# Homework Help: Negative value when calculating the distance

1. Oct 23, 2011

### Anna55

A 1000 kg car travelling rightward at 25 m/s slams on the breaks and skids to a stop (with locked wheels). Find the distance required to stop it. Coefficient of friction between the tires and the road is 0.95. Let g=9.8 m/s^2

Solution:
2aΔx=vf2- vo2
a=µg
2 µg Δx=vf2- vo2
vf=0
2 µg Δx=- vo2
Δx=- vo2/2 µg
Δx=-252/(2×0.95×9.8)
Δx=-33.6 m

The answer became -33.6 m. Why is the value negative? The correct answer is 33.6. Thank you in advance!

2. Oct 23, 2011

### ehild

The acceleration is negative, a=-µg.

ehild

3. Oct 23, 2011

### Anna55

If I have understood this correctly, the solution should be this:

2aΔx=vf2- vo2
a=-µg
2 -µg Δx=vf2- vo2
vf=0
2 -µg Δx=- vo2
Δx=- vo2/2 -µg
Δx=-252/(2×-0.95×9.8)
Δx=33.6 m

4. Oct 23, 2011

### ehild

To denote power, use "^". Use parentheses when multiplying with a negative number. 2 -µg Δx means subtraction. Correctly: 2(-µg)Δx or -2µg Δx. And 25^2=625.
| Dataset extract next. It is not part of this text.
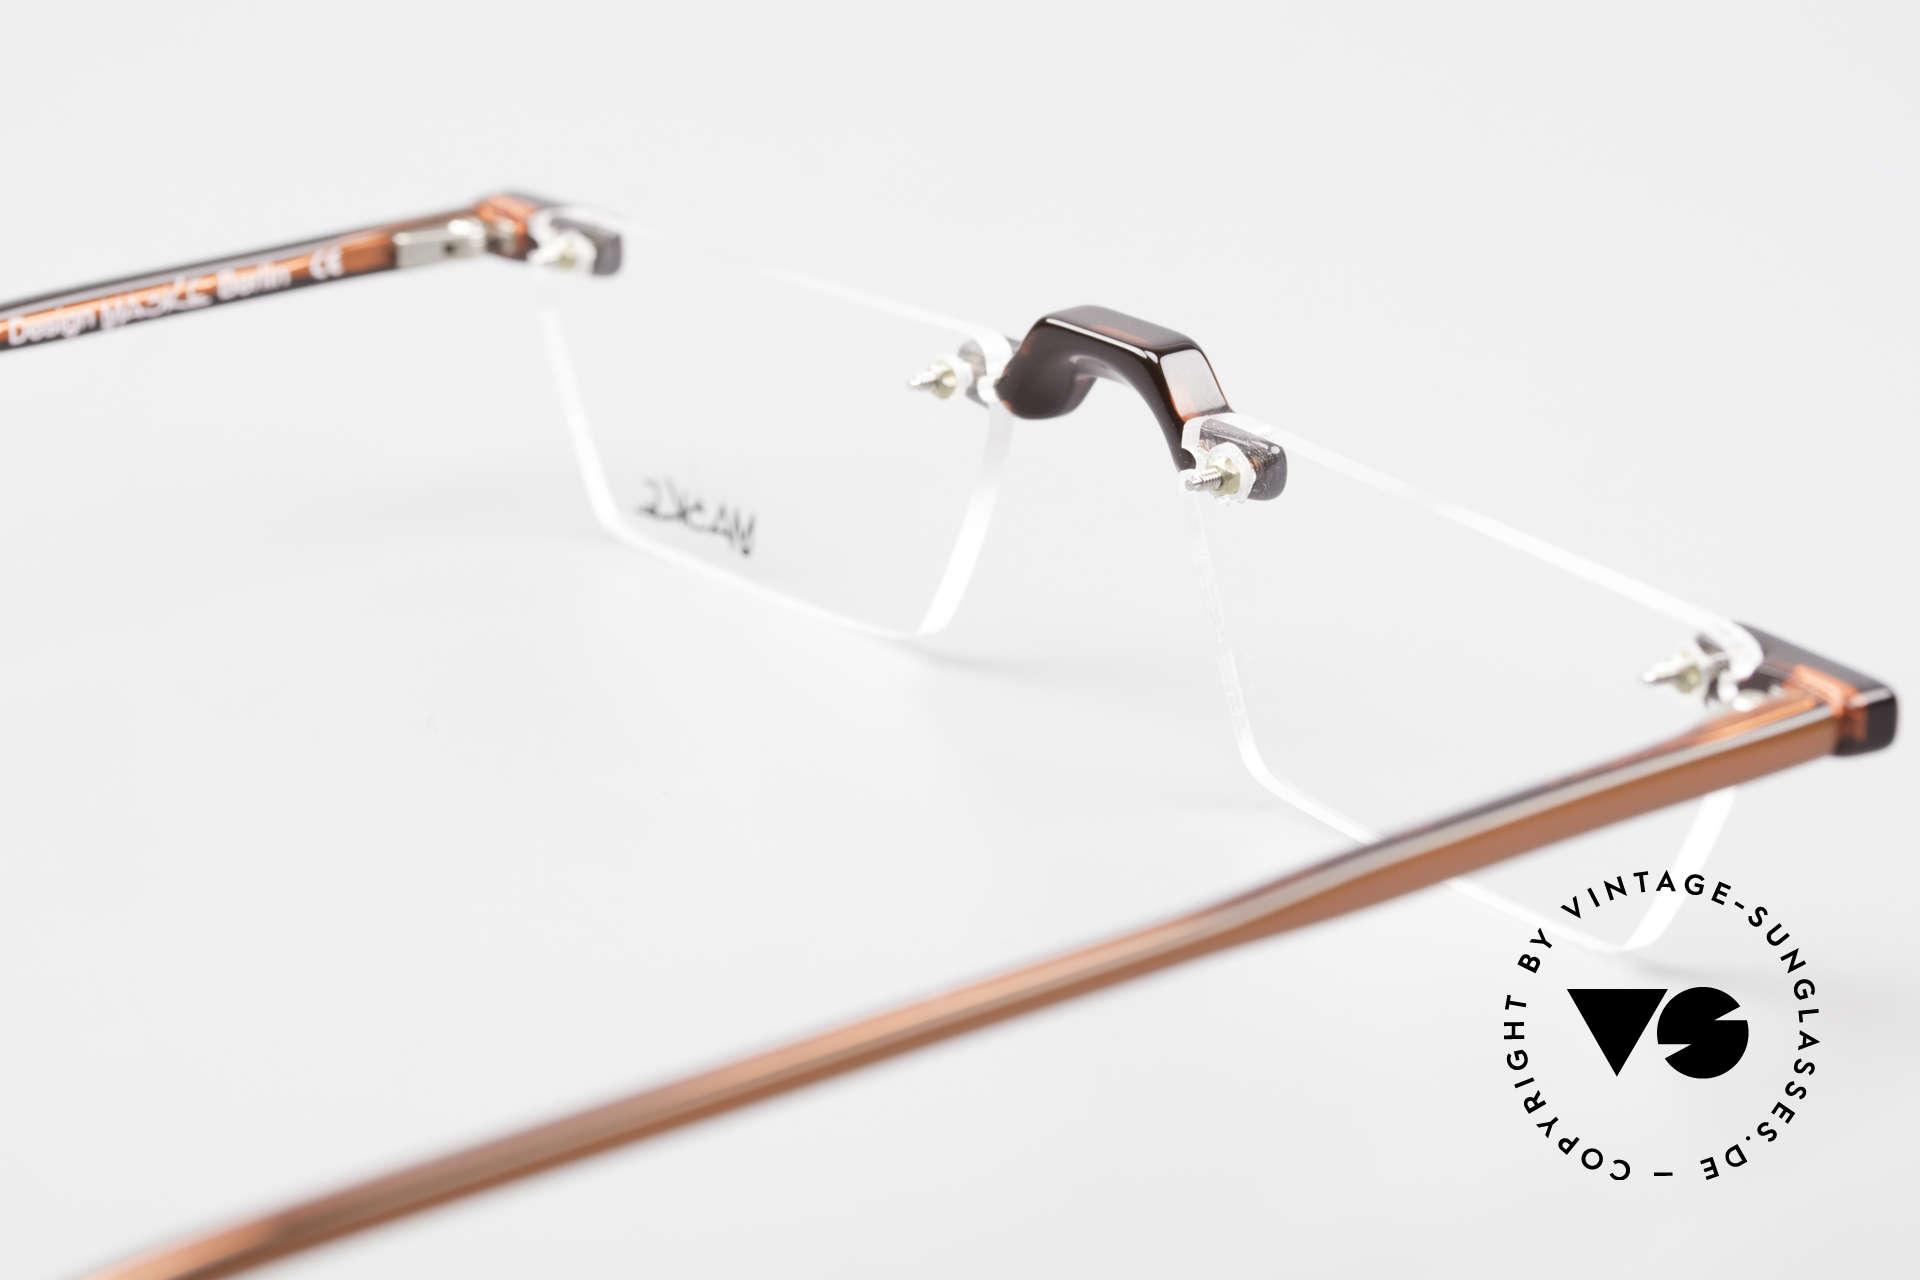 Design Maske Berlin Alpha 8 90's Designer Reading Glasses, Size: small, Made for Men and Women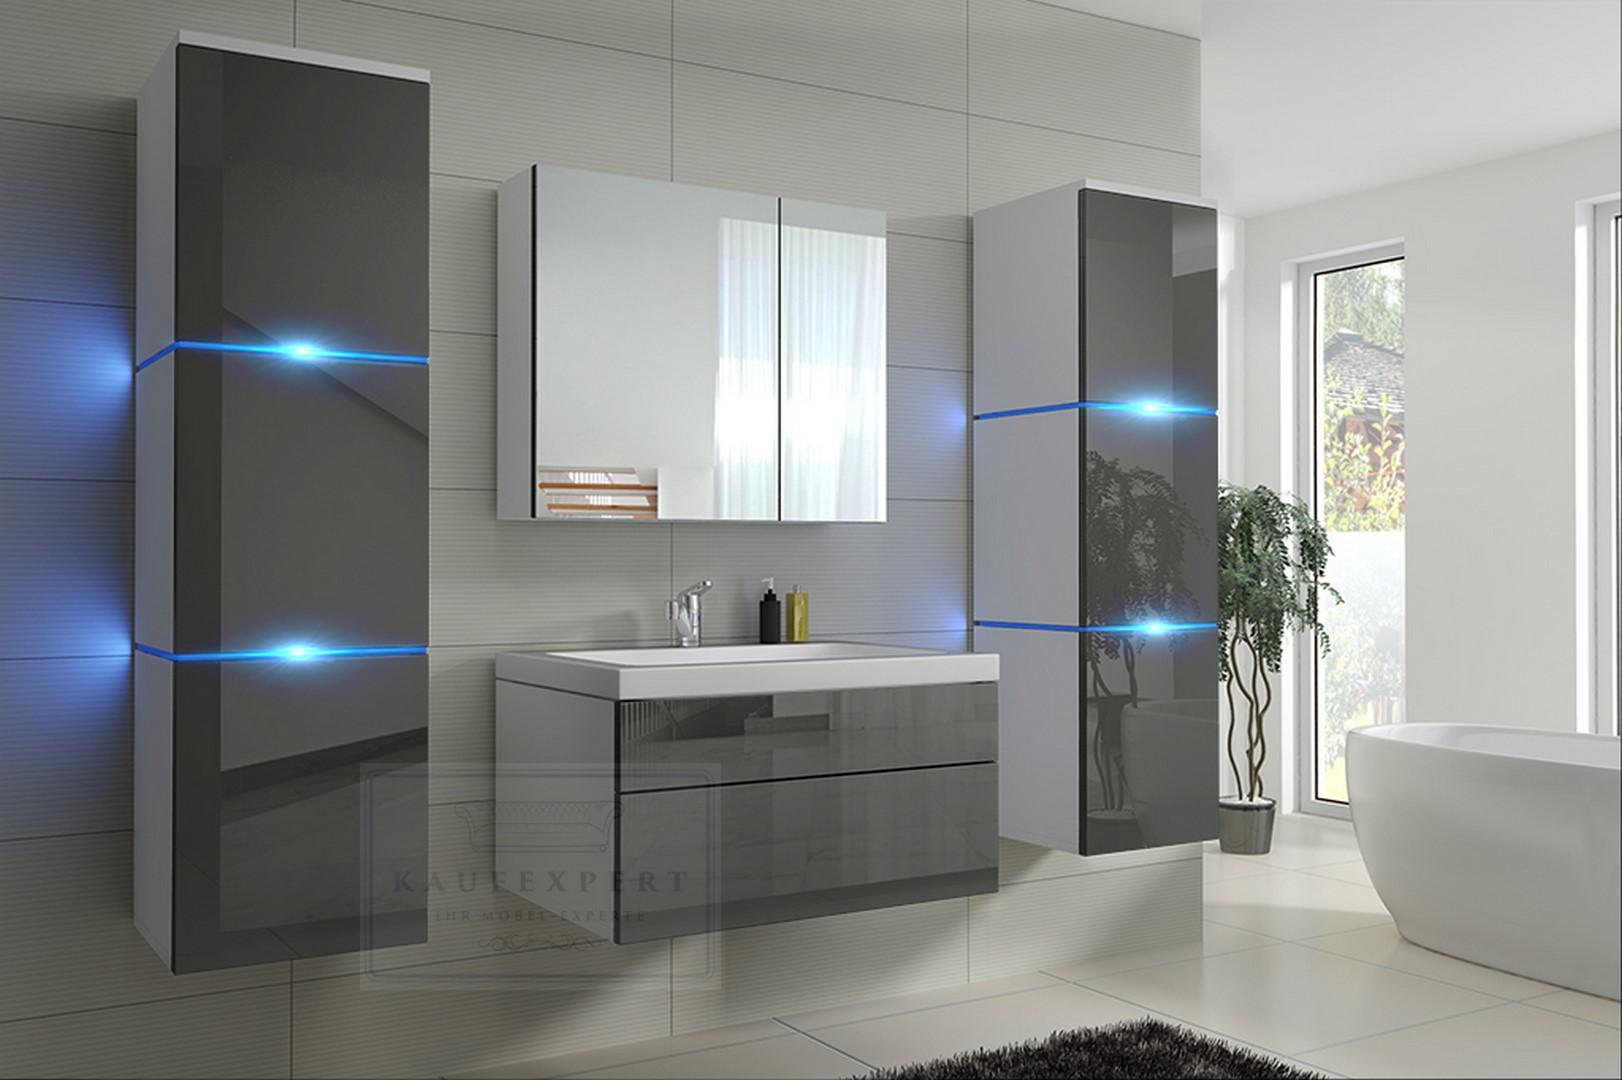 badm bel lux new mdf badezimmerm bel grau hochglanz wei keramikbecken led ebay. Black Bedroom Furniture Sets. Home Design Ideas

Written correctly your derivation, it looks :

2aΔx=vf^2- vo^2
a=-µg
2 (-µg) Δx=vf^2- vo^2
vf=0
2 (-µg)Δx=- vo^2
Δx=- vo^2/(-2µg)
Δx=-625/(2×(-0.95)×9.8)
Δx=33.6 m

ehild

5. Oct 23, 2011

### Anna55

Thank you very much ehild! I understand now.